The only person in a kimono at a recent Japanese government meeting on flying cars was Kotaro Chiba, a former online-game executive turned financier of a very specific kind.
For Chiba, 44, who wears the kimono on special occasions to show his pride in Japanese culture, is gathering money for what he calls the Drone Fund.
It invests in unmanned vehicles to survey buildings, make deliveries and take aerial photos for tourist boards; hover scooters; and a pilotless cargo craft that’s seeking to make it all the way from Japan to Silicon Valley in one go.
Chiba is at the forefront of an industry that’s only years away from changing our lives. In five to 10 years, the skies could be alive with drones delivering goods, according to McKinsey & Co. Ten to 15 years out, you could be heading to work in a flying taxi, the consultancy says. “It’s like a gold rush in the air,” Chiba said in an interview from his office in central Tokyo.

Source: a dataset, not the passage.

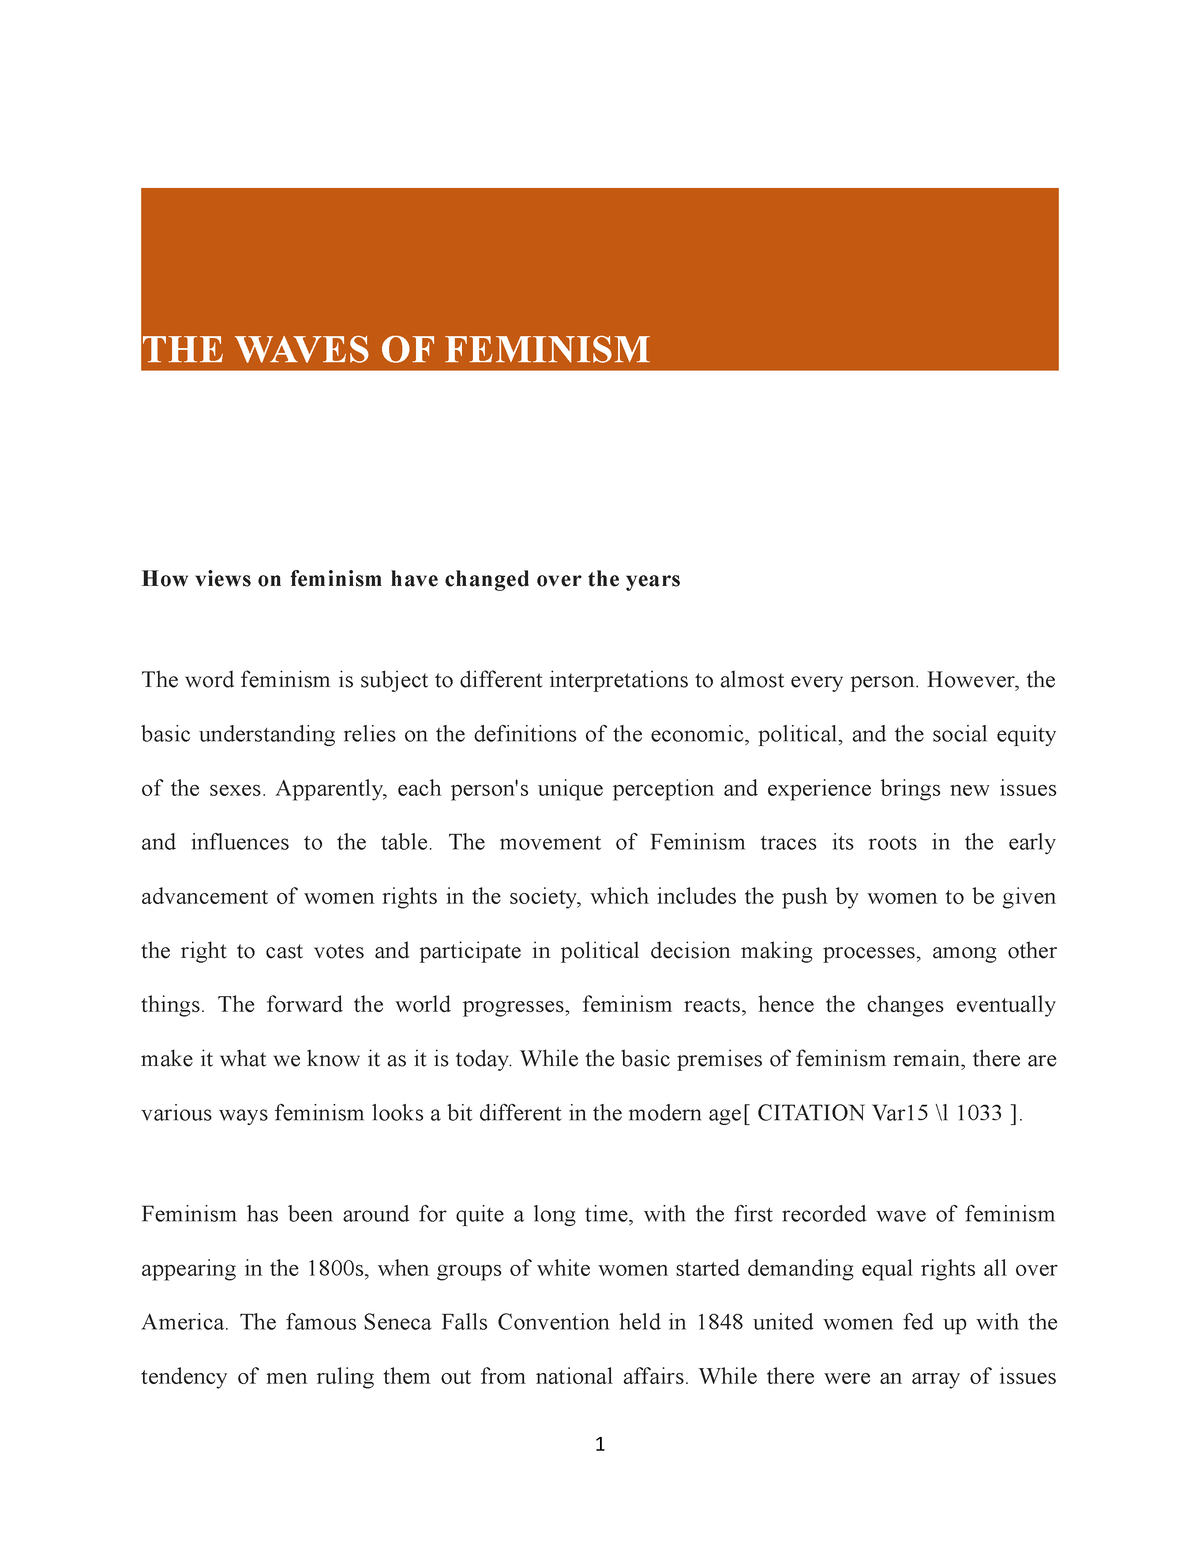 waves of feminism essay

And “the first movers will reap the best results.”
Chiba’s fund forms part of Japan’s drive to regain its technological edge through drones after the country fell behind in other areas, such as ride-hailing, autonomous driving and connected cars.
But the country has work to do to catch up with other markets such as the US and China when it comes to the commercial drone industry.
Chiba started his first Drone Fund, which was small and oversubscribed, in 2017.
He put in ¥150mn ($1.3mn) of his own money.
He’s currently raising as much as ¥5bn for the second one, which he aims to close by the end of the year. He’s already lined up money from Mizuho Bank Ltd, KDDI Corp, and the Japanese soccer star and angel investor Keisuke Honda.
When that closes, he plans to gather as much as ¥50bn for a third one by about 2020. The Japanese government, which has provided some financial backing for the funds, is trying to create the laws and infrastructure needed to put flying cars into the sky in the next decade.
It formed a group in August for this purpose, which includes big names such as Uber Technologies Inc and Boeing Co.
The government sees uses for drone technology in everything from tourism to getting supplies to remote islands or mountainous areas in times of disaster. His ¥5bn fund will be a “drop in the ocean,” Chiba told attendees at the group’s inaugural gathering.
But if Tokyo could become the first city to prove that flying cars can work, money would surge into the area. A day after the meeting, Uber shortlisted Japan as one of the five locations it’s considering for the commercial launch of its air taxis. Venture funds specialising in drones are rare. The US-based Commercial Drone Fund and China’s DJI-backed Skyfund are the other two that have raised more than $10mn, according to Chiba.) That’s partly because they take more time to deliver returns than other investments.
But the potential market size is huge.
McKinsey estimates it could be as big as $46bn in the US alone by 2026. In Japan, it could reach $20bn by 2025, according to a forecast by Japanese drone startup Skyrobot Inc.
A major hurdle for integrating drones into society is concerns over safety. One deadly accident could set the nascent industry back by years. Another obstacle is the difficulty in creating a regulatory framework for the unmanned craft from scratch, which ties to both safety and privacy issues.
Japan is among the first countries to regulate the flying of hobby drones, banning them from densely populated areas, and its initial plan for drone taxis is to allow them to operate only between remote islands and in mountainous areas. Chiba has already made 22 investments in drone companies through his first fund. They include Aerial Lab Industries Inc, a startup that plans to introduce a bike that can hover a few meters above the ground in Tokyo in 2022.